Task objective:
Omitting all pictures, print the lines of the listing from the one containing "Aligning Transit with Density" through the final line, both ends included, with no other text.

::: Data :::

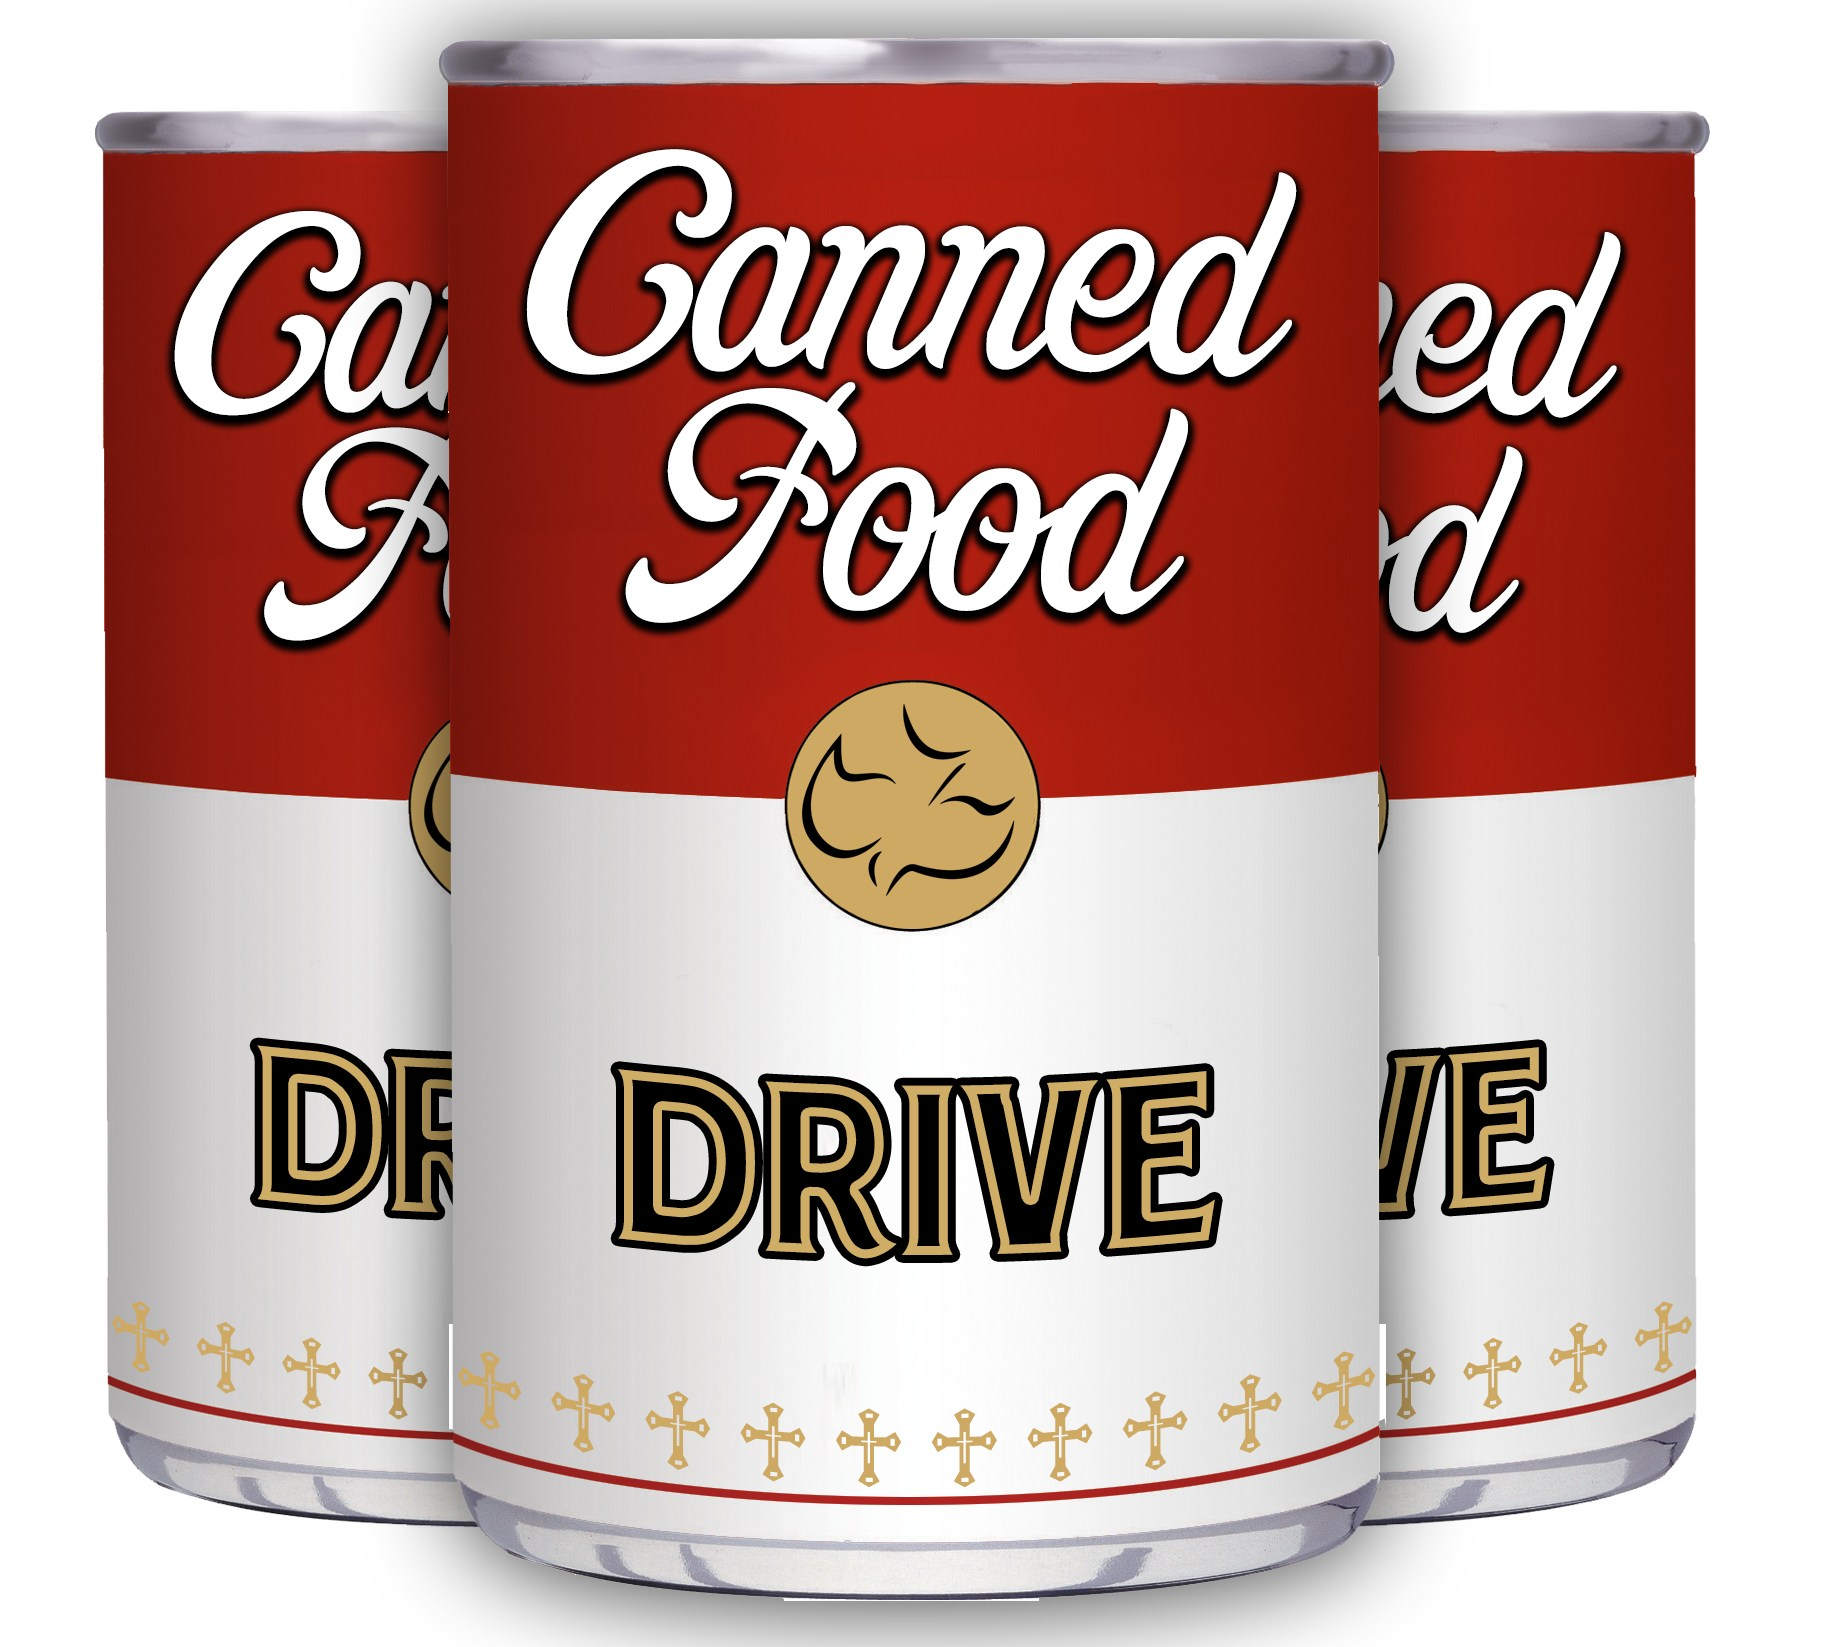 Can food drive clipart 4 » Clipart Portal.
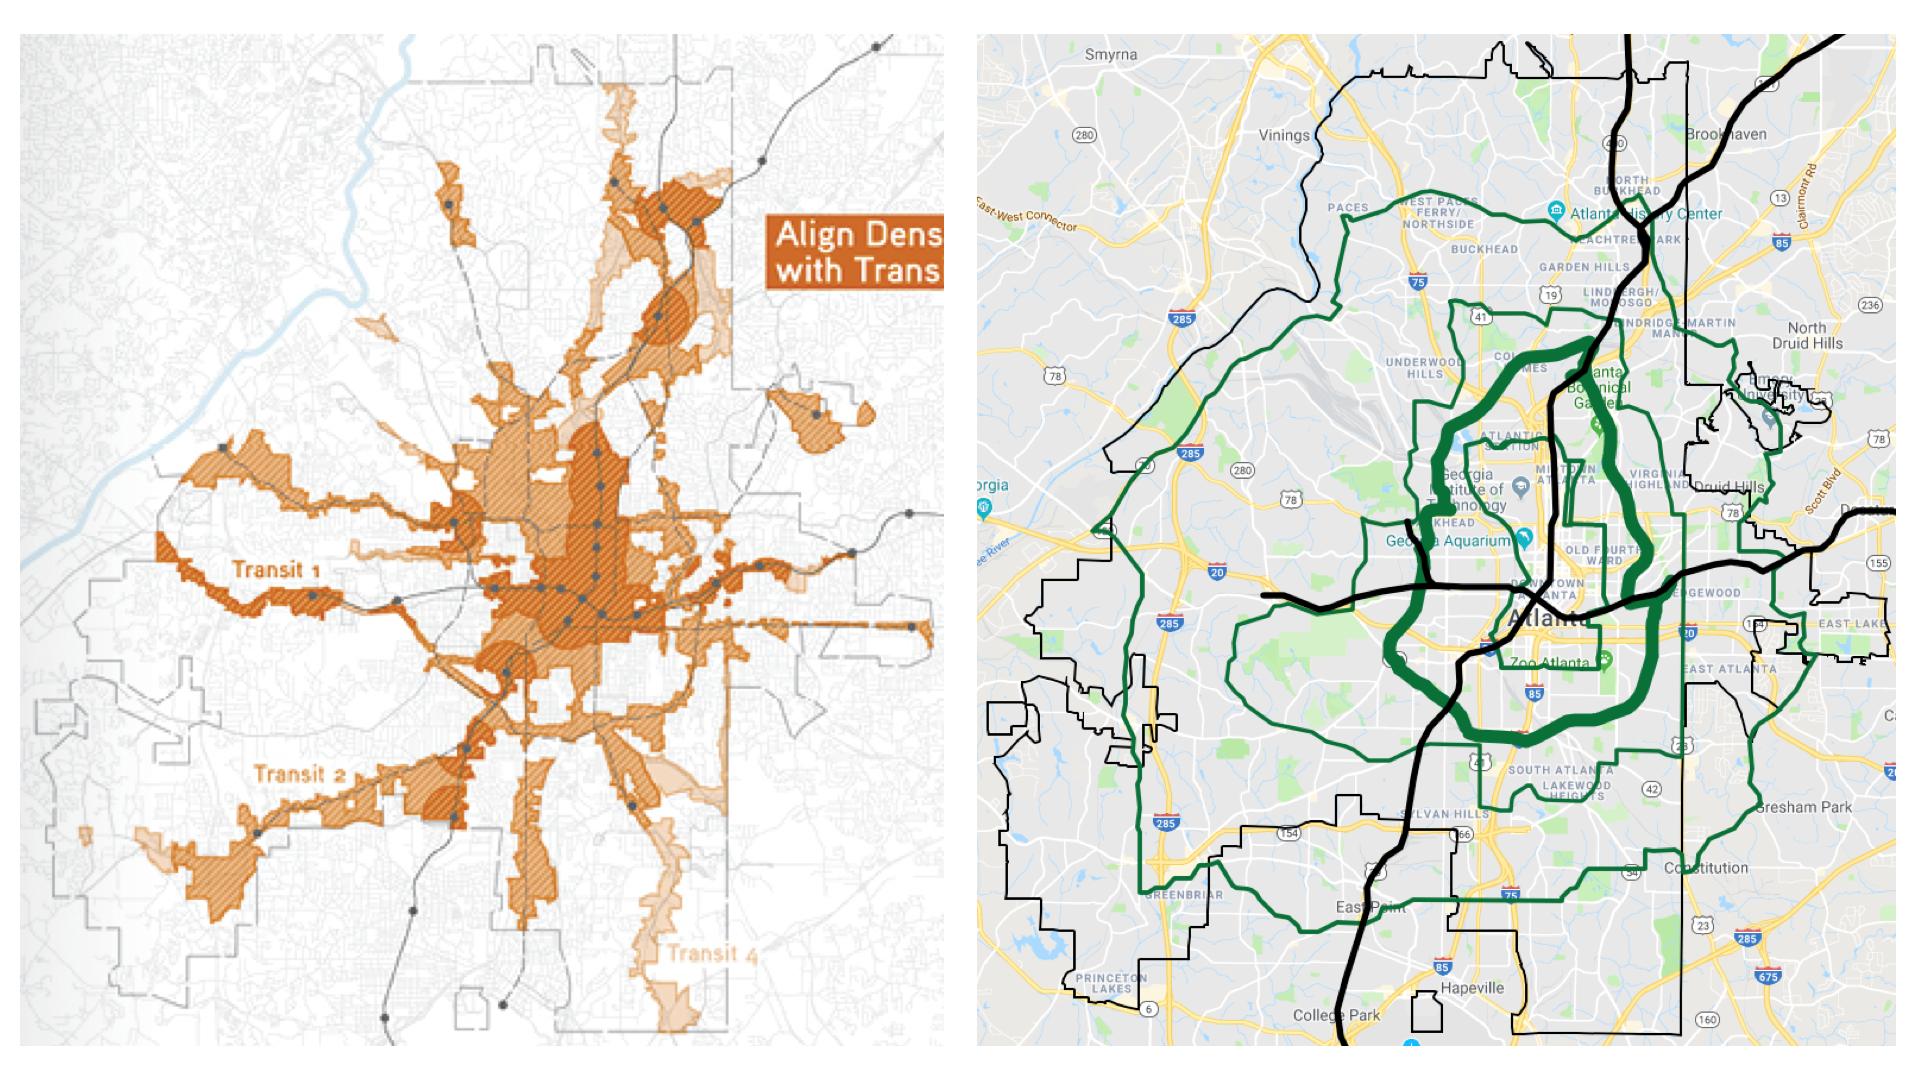 Aligning Transit with Density
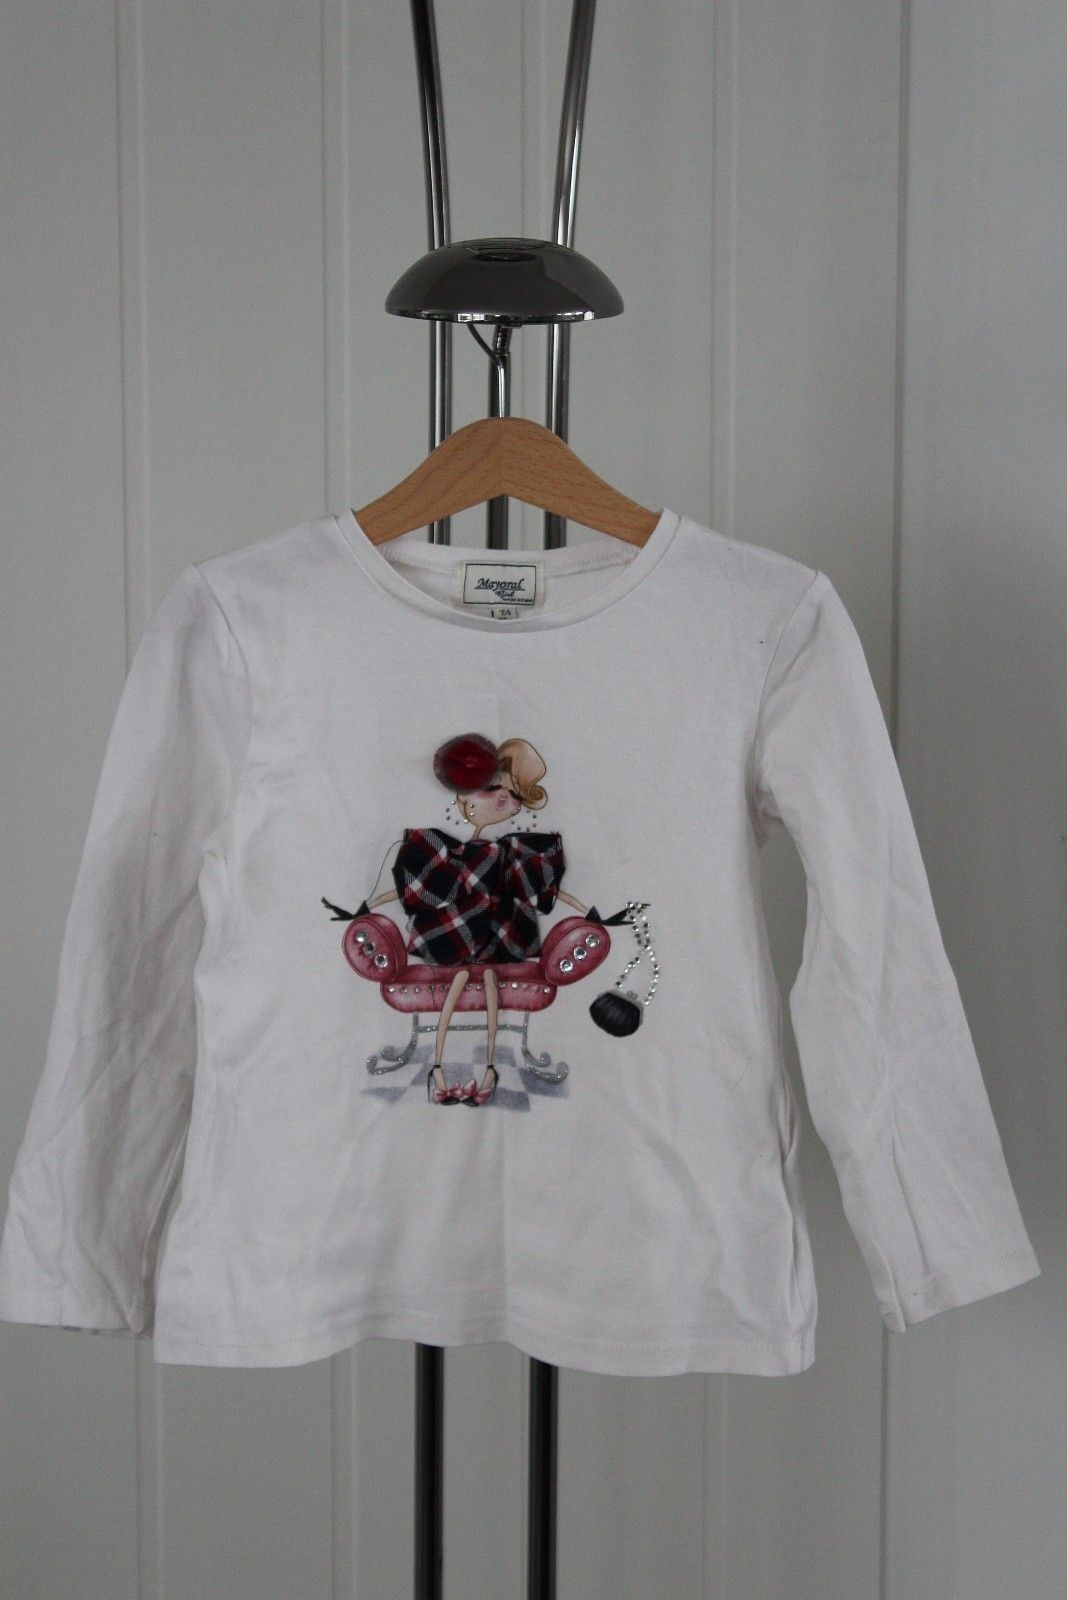 cdcaa5377 Masse fine klær til jente fra mayoral str 110. Som ny   FINN.no

:::

Written answer:
 Aligning Transit with Density
 cdcaa5377 Masse fine klær til jente fra mayoral str 110. Som ny   FINN.no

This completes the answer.